Former College of William and Mary Law School professor Ronald Turner analyzed NLRB voting from the board’s founding to the middle of the George W. Bush administration. He found that:
[…] as a descriptive matter ideology has mattered in a number of cases presenting controversial and sharply contested issues of law and policy, cases in which Board majorities have cast votes consistent with and reflecting the differing philosophies of Republican or Democratic administrations and the pre-Board backgrounds of members.
Bush administration and Obama administration NLRB appointees followed these trends, which led to showdowns between both Presidents and the Senate over NLRB confirmations. From 2003 through 2013, the NLRB lacked a full panel of Senate-confirmed members. Senate Democrats filibustered President George W. Bush’s appointees, forcing several Bush-nominated NLRB members to take office under recess appointments. These recess appointments continued until Democrats took control of the Senate in the 2006 midterms, after which they refused to either confirm Bush administration nominees or recess the Congress to allow recess appointments.
When President Barack Obama took office in 2009, these bitter nomination fights continued. Obama nominated SEIU attorney Craig Becker to fill one of the vacant posts; Becker’s views proved so extremist that two Democrats voted to sustain the Republican filibuster of his nomination. This defection didn’t deter President Obama who gave Becker a recess appointment before Republicans took control of the House of Representatives in 2010.
By law, both Houses of Congress must approve a resolution to recess. Republicans used their control of the House to prevent President Obama from making recess appointments by refusing to recess. As a result, term expirations and a lack of recess appointments brought the NLRB below its necessary decision-making quorum. This appointments battle came amid backlash to a decision by the NLRB Acting General Counsel, Lafe Solomon. Solomon charged Boeing with unfair labor practice for expanding production of the new 787 airliner at its non-union South Carolina plant rather than its unionized Washington state plants. Pressure from Congressional Republicans, South Carolina officials, and the business community made the controversy public. Ultimately, Boeing and the International Association of Machinists agreed to a new collective bargaining agreement for the Washington plants, finally leading Solomon to drop the charges.
Rather than compromise on his hyper-aggressive pro-union agenda, Obama pushed his appointments forward by imperial fiat, claiming to restore quorum at the NLRB. But his appointments were ultimately invalidated by a unanimous Supreme Court in NLRB v. Noel Canning. The decision held that only Congress could decide when Congress was in recess.

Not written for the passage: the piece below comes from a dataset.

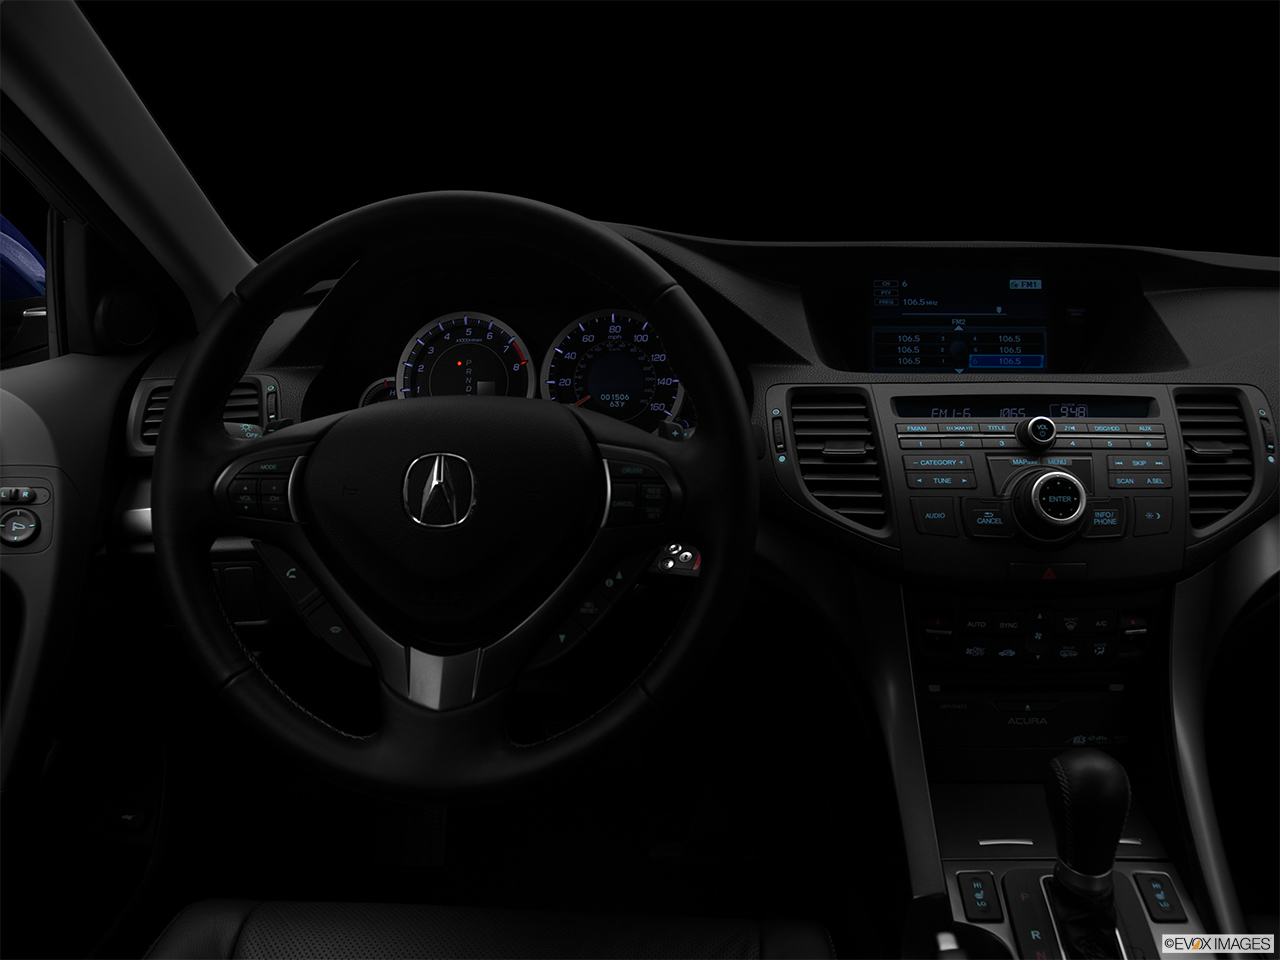 2011 Acura TSX Sport Wagon Centered wide dash shot - "night" shot. 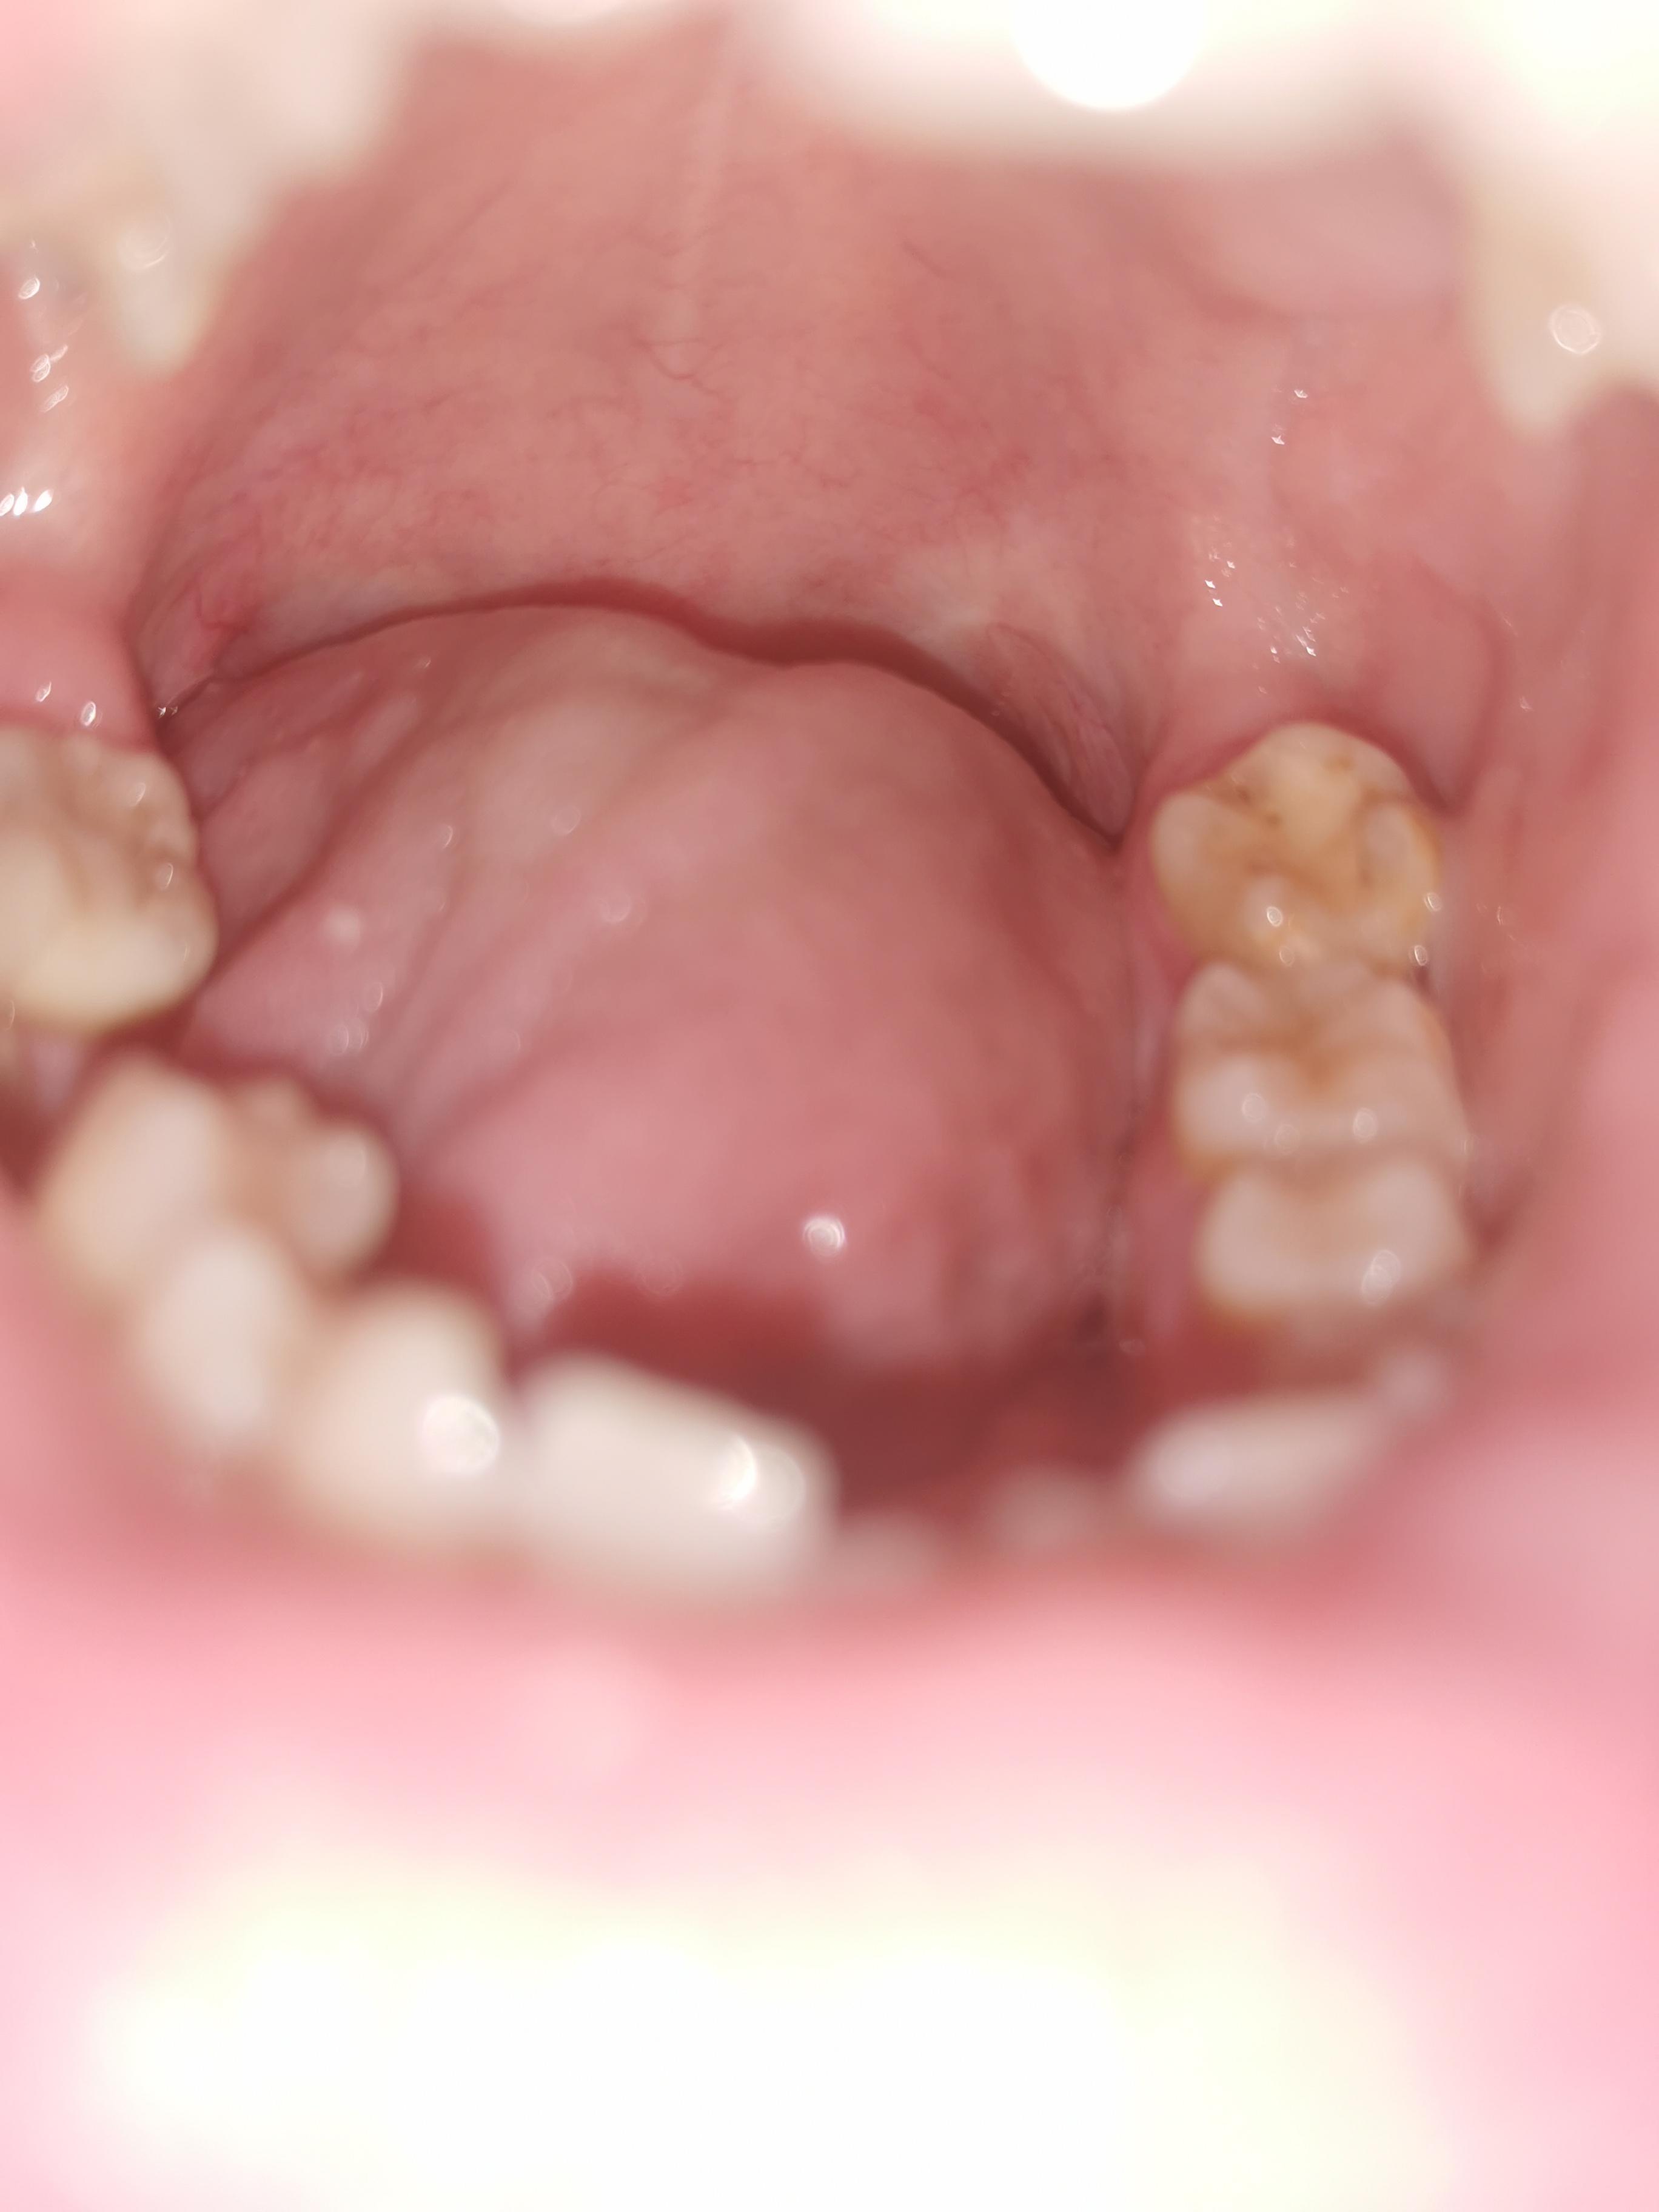 Hinterer Grosser Zahn Tut Weh Zahne Zahnarztbehandlung

Though SCOTUS invalidated Obama’s appointments and thus all decisions made by the invalid members, by the time Noel Canning was decided Senate Democrats had already broken the nominations impasse, allowing the Obama-appointed NLRB to resume its war on Board precedents. As part of a soon to be broken deal to preserve the filibuster for nominations in 2013, in exchange for Senate Democrats agreeing to drop the “nuclear option” Republicans lifted their blanket block on President Obama’s NLRB nominees.